Look for Bresenham's algorithm as THE school book algorithm for line rasterization.
And for searching the red point, just iterate over the array linearly until you have it and then keep track of its grid position, like William already suggested in his answer.
x = x position
y = y position
cols = number of columns across in your grid
(y * cols) + x = index in array absolute value for any x, y
you could generalize this in a function:
int get_index(int x, int y, int gridcols)
{
return (gridcols * y) + x;
}
It should be noted that this works for ZERO BASED INDICES.
This is assuming I am understanding what you're talking about at all...
As for the second question, for any colored element you have, you should keep a value in memory (possibly stored in a structure) that keeps track of its position so you don't have to search for it at all.
struct _THING {
int xpos;
int ypos;
};
Using the get_index() function, you could find the index of the grid cell below it by calling like this:
index_below = get_index(thing.x, thing.y + 1, gridcols);
thing.y++; // increment the thing's y now since it has moved down
simple...
IF YOU WANT TO DO IT IN REVERSE, as in finding the x,y position by the array index, you can use the modulus operator and division.
ypos = array_index / total_cols; // division without remainder
xpos = array_index % total_cols; // gives the remainder
You could generalize this in a function like this:
// x and y parameters are references, and return values using these references
void get_positions_from_index(int array_index, int total_columns, int& x, int& y)
{
y = array_index / total_columns;
x = array_index % total_columns;
}
Whenever you're referring to an array index, it must be zero-based.

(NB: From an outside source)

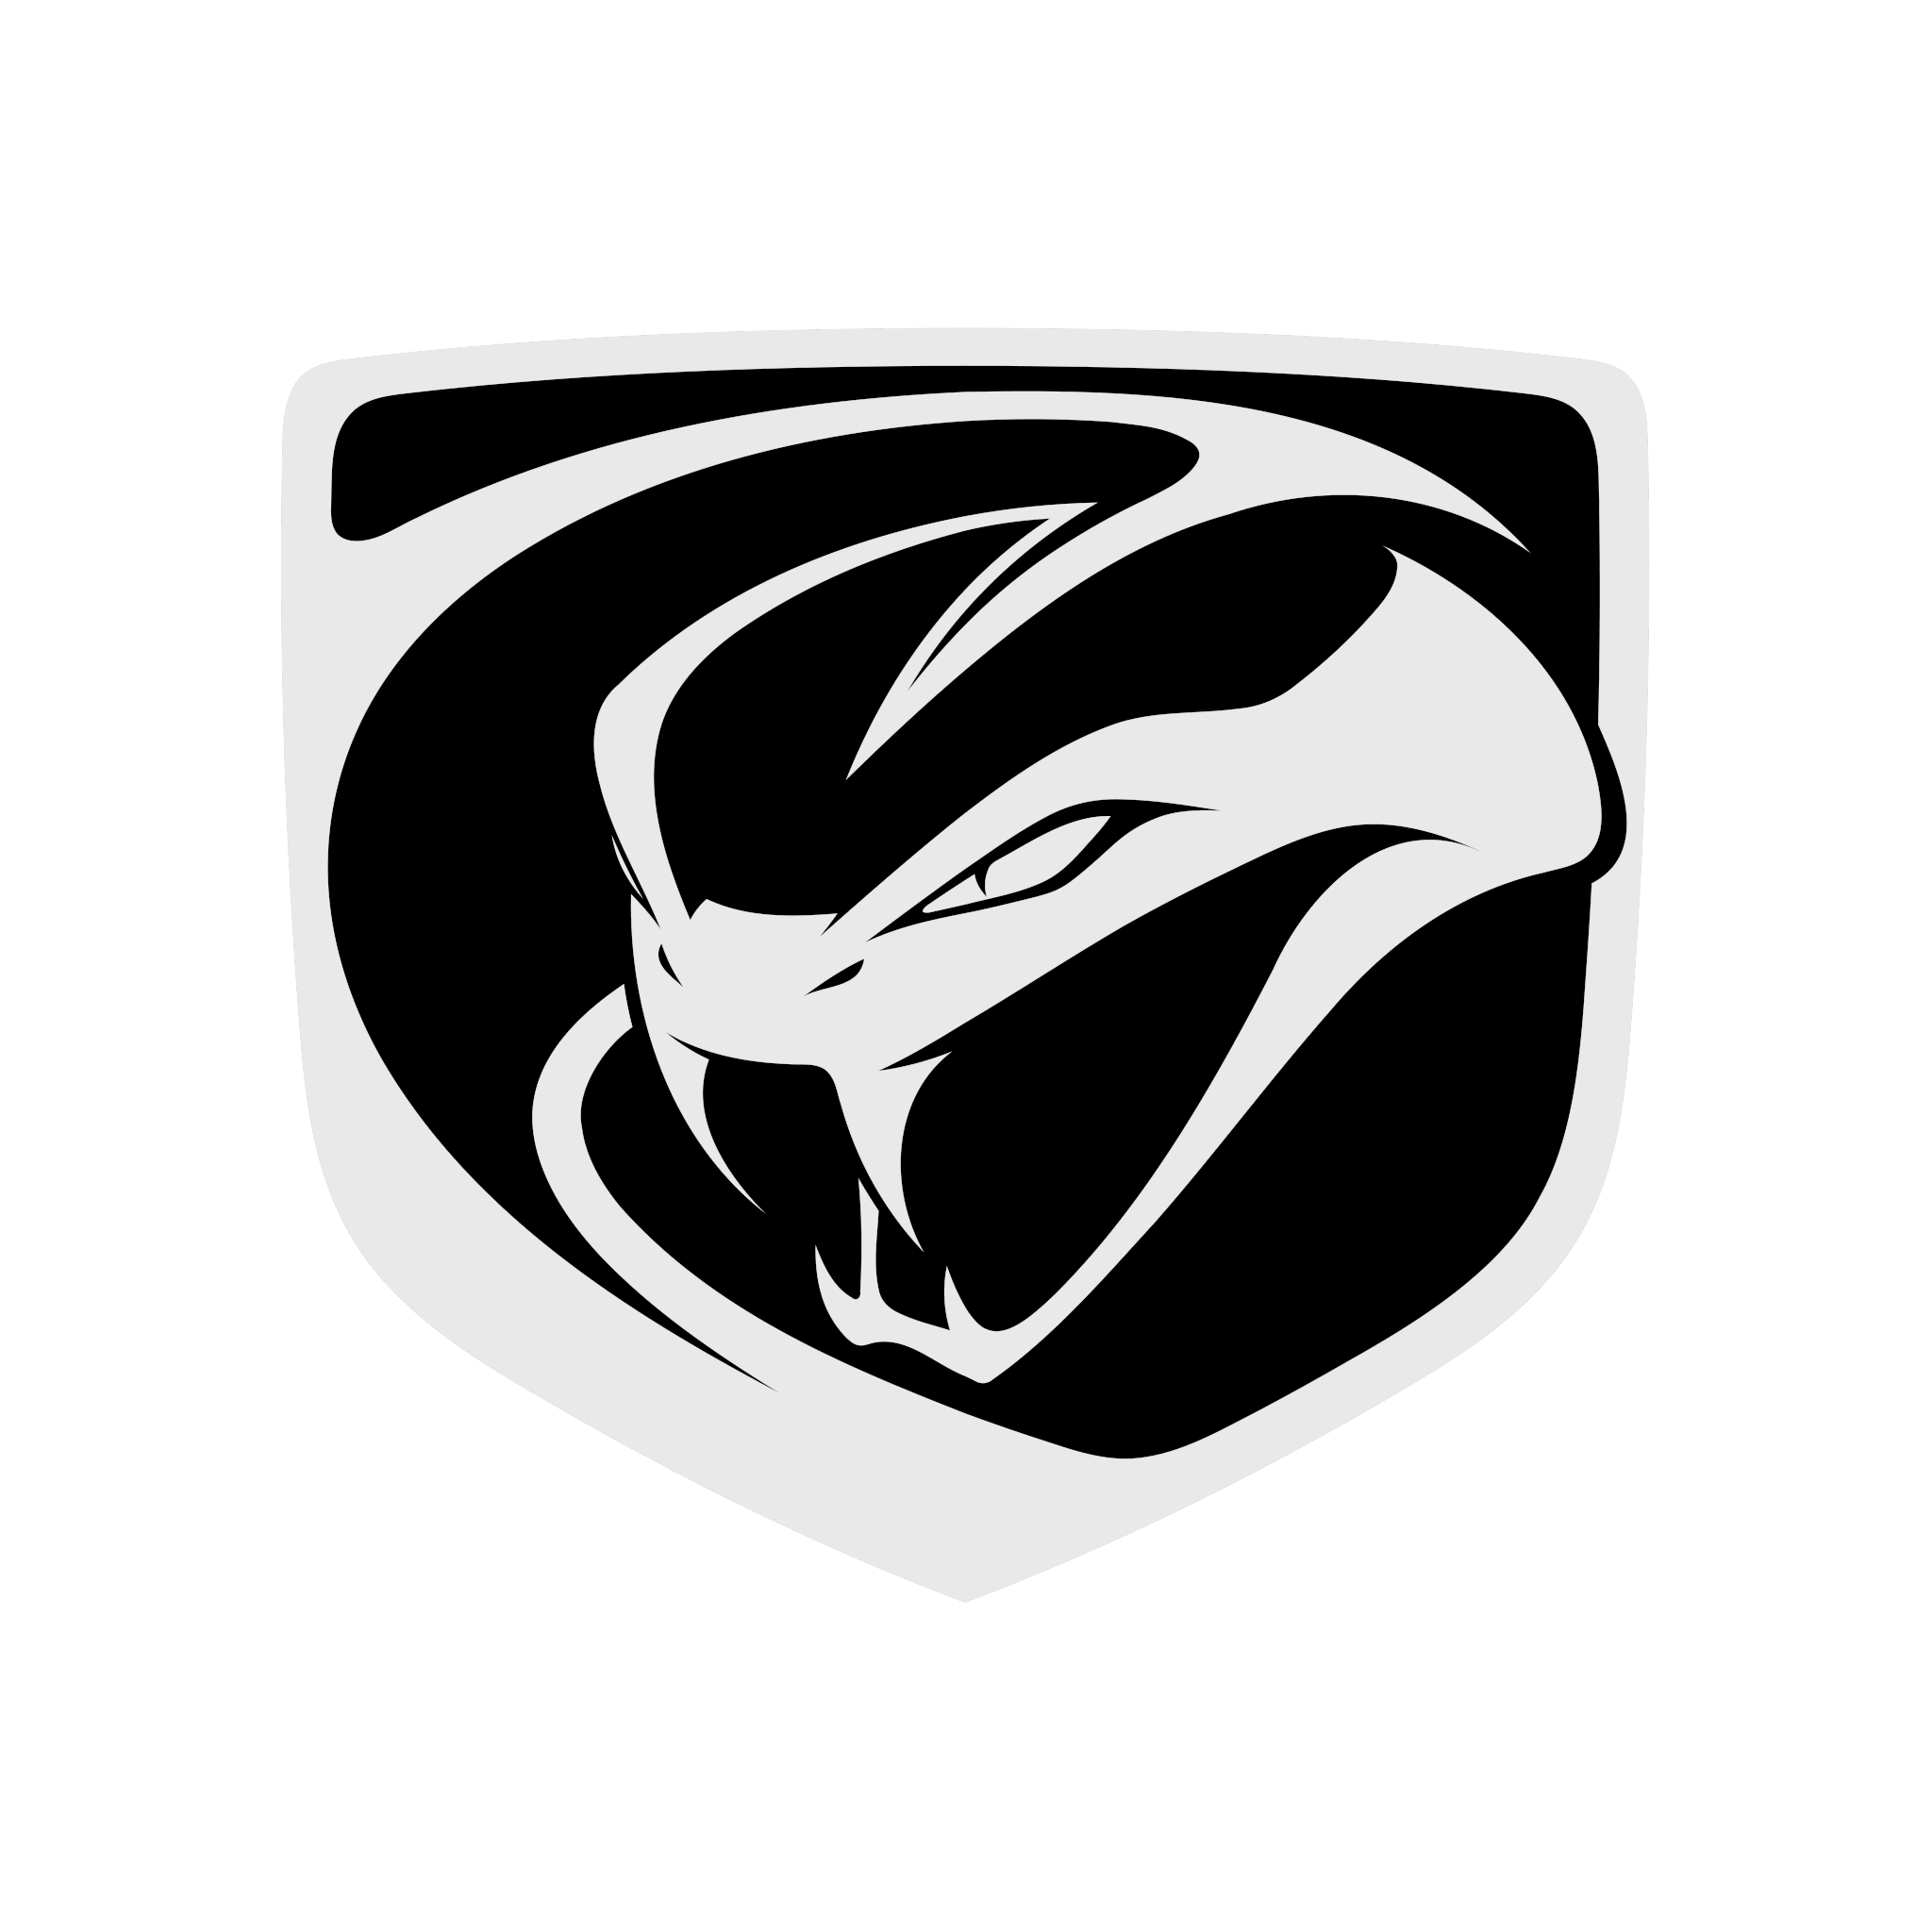 Viper logo.png

However, when you are referring to the number of columns, that value will be 1-based for the calculations. x and y positions will also be zero based.
Probably easiest would be to work entirely in a system of (x,y) coordinates to calculate gravity and switch to the array coordinates when you finally need to lookup and store objects.
In your example, consider (2, 4) (red) to be the center of gravity; (5, 1) (blue) needs to move in the direction (2-5, 4-1) == (-3, 3) by the distance _n_. You get decide how simple you want n to be -- it could be that you move your objects to an adjoining element, including diagonals, so move (blue) to (5-1, 1+1) == (4, 2). Or perhaps you could move objects by some scalar multiple of the unit vector that describes the direction you need to move. (Say, heavier objects move further because the attraction of gravity is stronger. Or, lighter objects move further because they have less inertia to overcome. Or objects move further the closer they are to the gravity well, because gravity is an inverse square law).
Once you've sorted out the virtual coordinates of your universe, then convert your numbers (4, 2) via some simple linear formulas: 4*columns + 2 -- or just use multidimensional arrays and truncate your floating-point results to get your array indexes.